大和証券グループ本社は、企業の合併・買収(M&A)関連収益について、2030年度に700億円としていた従来目標を上方修正して1000億円とする方針を固めた。荻野明彦社長がブルームバーグとのインタビューで明らかにした。

国内外で活発なM&Aの動きを追い風に「700億円という従来目標は早期に達成しそうで、1000億円に引き上げたい」との認識を示した。大和証Gの25年3月期の同収益は589億円で、過去最高を更新して拡大傾向にある。

日本では東京証券取引所が上場企業に対し資本効率や株価を意識した経営を要請し、政府と一体となって収益力や競争力を一段と高めるよう促している。企業側も価値向上を目指し国内企業にとどまらず、海外企業も対象にしたM&Aを活発化させている。大和証Gは得意とする取引金額が5億ドル(約790億円)以下の中堅規模でのM&A助言業務において、グローバルでの地位確立を目指す。

 

荻野氏は足元の関連人材の採用について「徐々に動きが出てきた」として、国内外で採用強化を再開していると説明した。大和証Gは30年度までに、M&A助言業務を担うバンカーを国内外で900人規模に拡大する方針を掲げる。ただ、今年4月の米トランプ大統領による関税政策の発表を受け、世界経済の先行き不透明感が増してM&Aの動きが一時停滞したため、採用を抑制していた。足元では約640人。

大和証券グループの荻野社長(18日・都内)

今年4月にはクロスボーダーM&Aを専門で扱うチームを東京に新設し、10月には人員を4人から6人に拡充した。「見込み案件は着実に積み上がっており、しっかり成果が出せると思う」と述べた。

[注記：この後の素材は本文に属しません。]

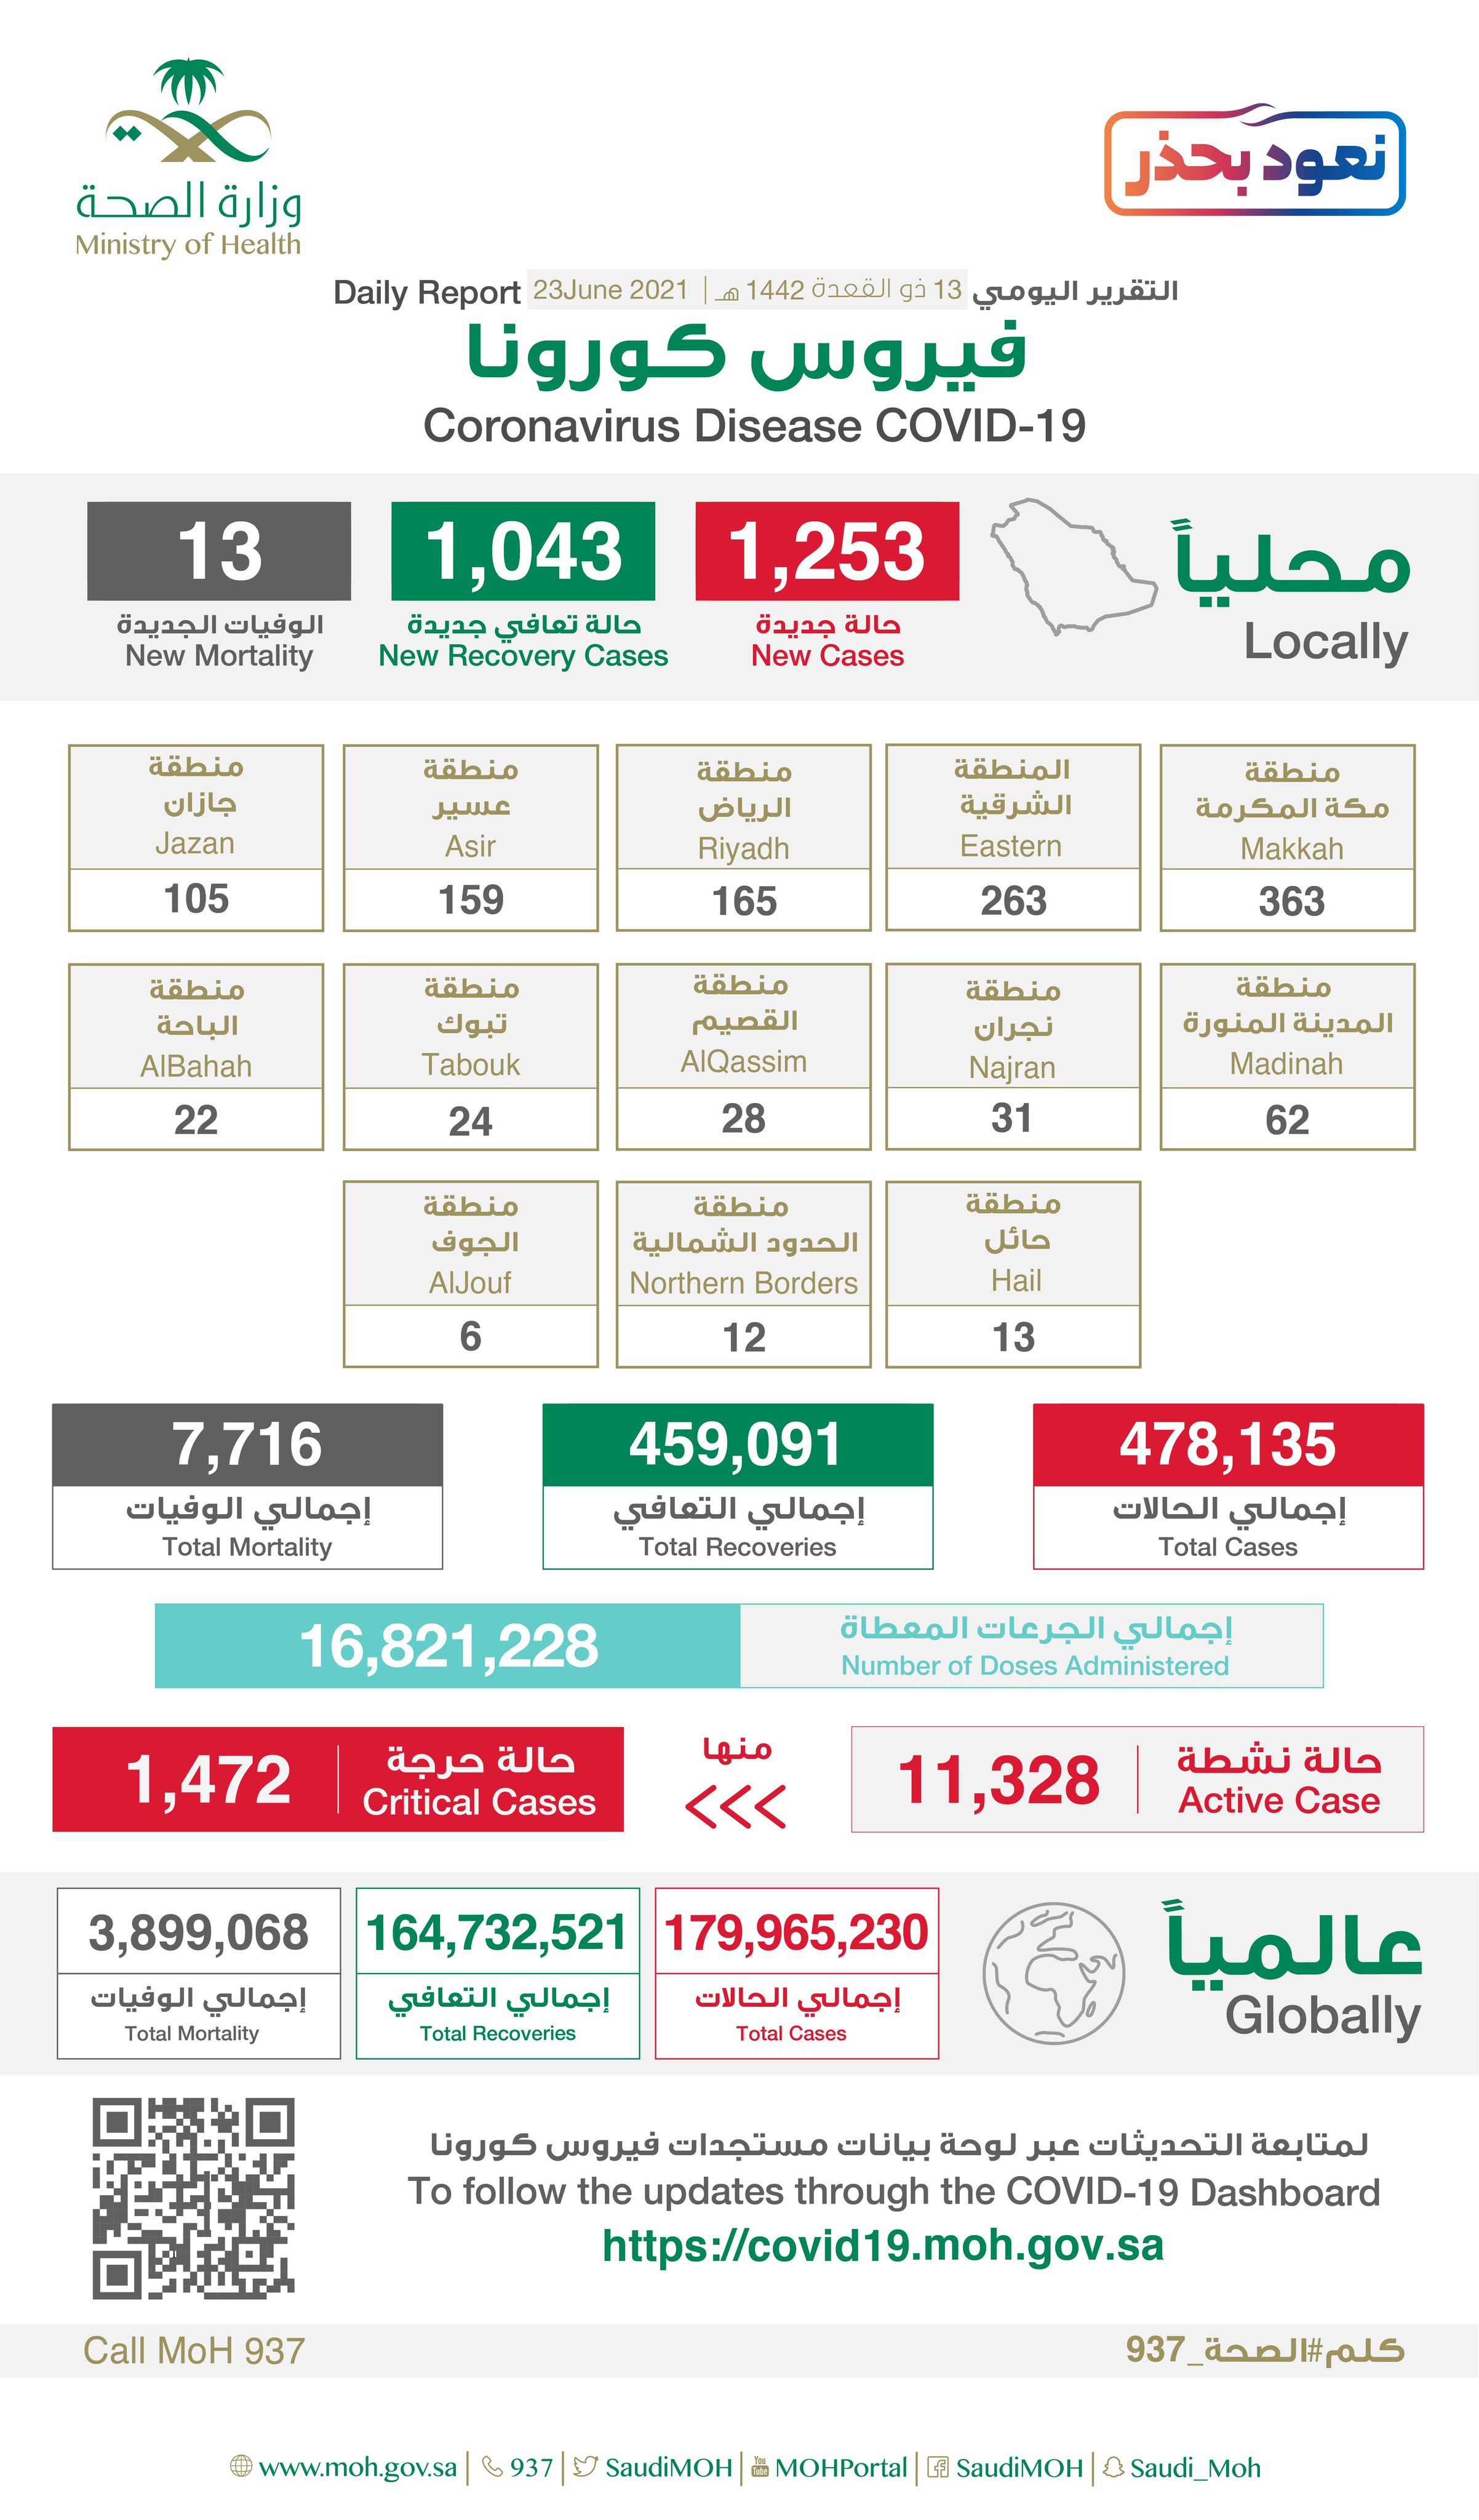 Saudi Arabia Coronavirus : Total Cases :478,135 , New Cases : 1,253 , Cured : 459,091 , Deaths: 7,716, Active Cases : 11,328
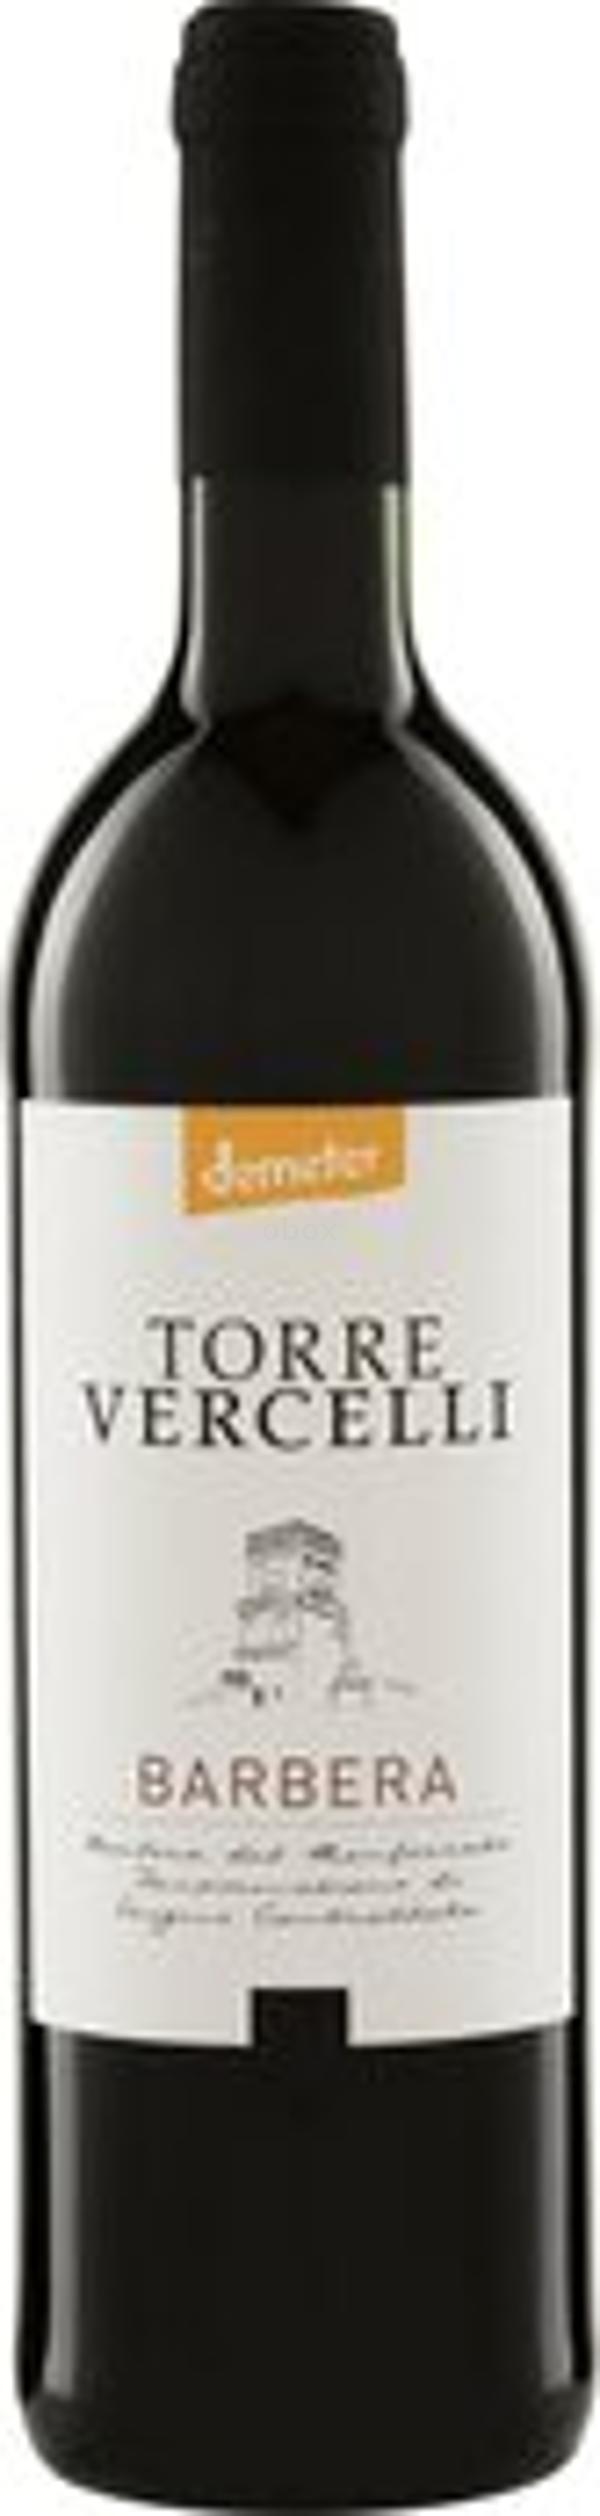 Produktfoto zu TORRE VERCELLI Barbera Demeter DOC, Rotwein trocken 0,75l

同社の資料によると、25年4-9月期は5億ドル以下の世界のM&A案件の助言業務において9位だった。荻野氏は、30年度に世界トップ5入りを目指す考えも明らかにした。

今後注力する海外事業については「インド国内の成長を取り込んでいく」と述べた。インドの金融大手アンビット傘下企業への出資を通じて、同国での超富裕層向け事業への参入を決めている。また、台湾有事を巡る高市早苗首相の発言を受けて関係が悪化している中国については「あれだけ大きなマーケットを無視するわけにはいかない」とし、「中国ビジネスをやめる気は全くない」と述べた。

5年連続で賃上げと初任給アップ

優秀な人材の確保に向けて、26年度に5%程度の賃上げを目指す意向も示した。また来春入社の新卒総合職の初任給を30万円から31万円に引き上げる。賃上げ、初任給アップはいずれも5年連続となる。労働組合との交渉を経て正式に決定する。

荻野氏は「物価上昇を上回る賃上げがないと、給料が上がったという実感が湧かない」とし、「経営という視点ではコストかもしれないが、社員への投資と考えて待遇改善はしっかり進めていきたい」と語った。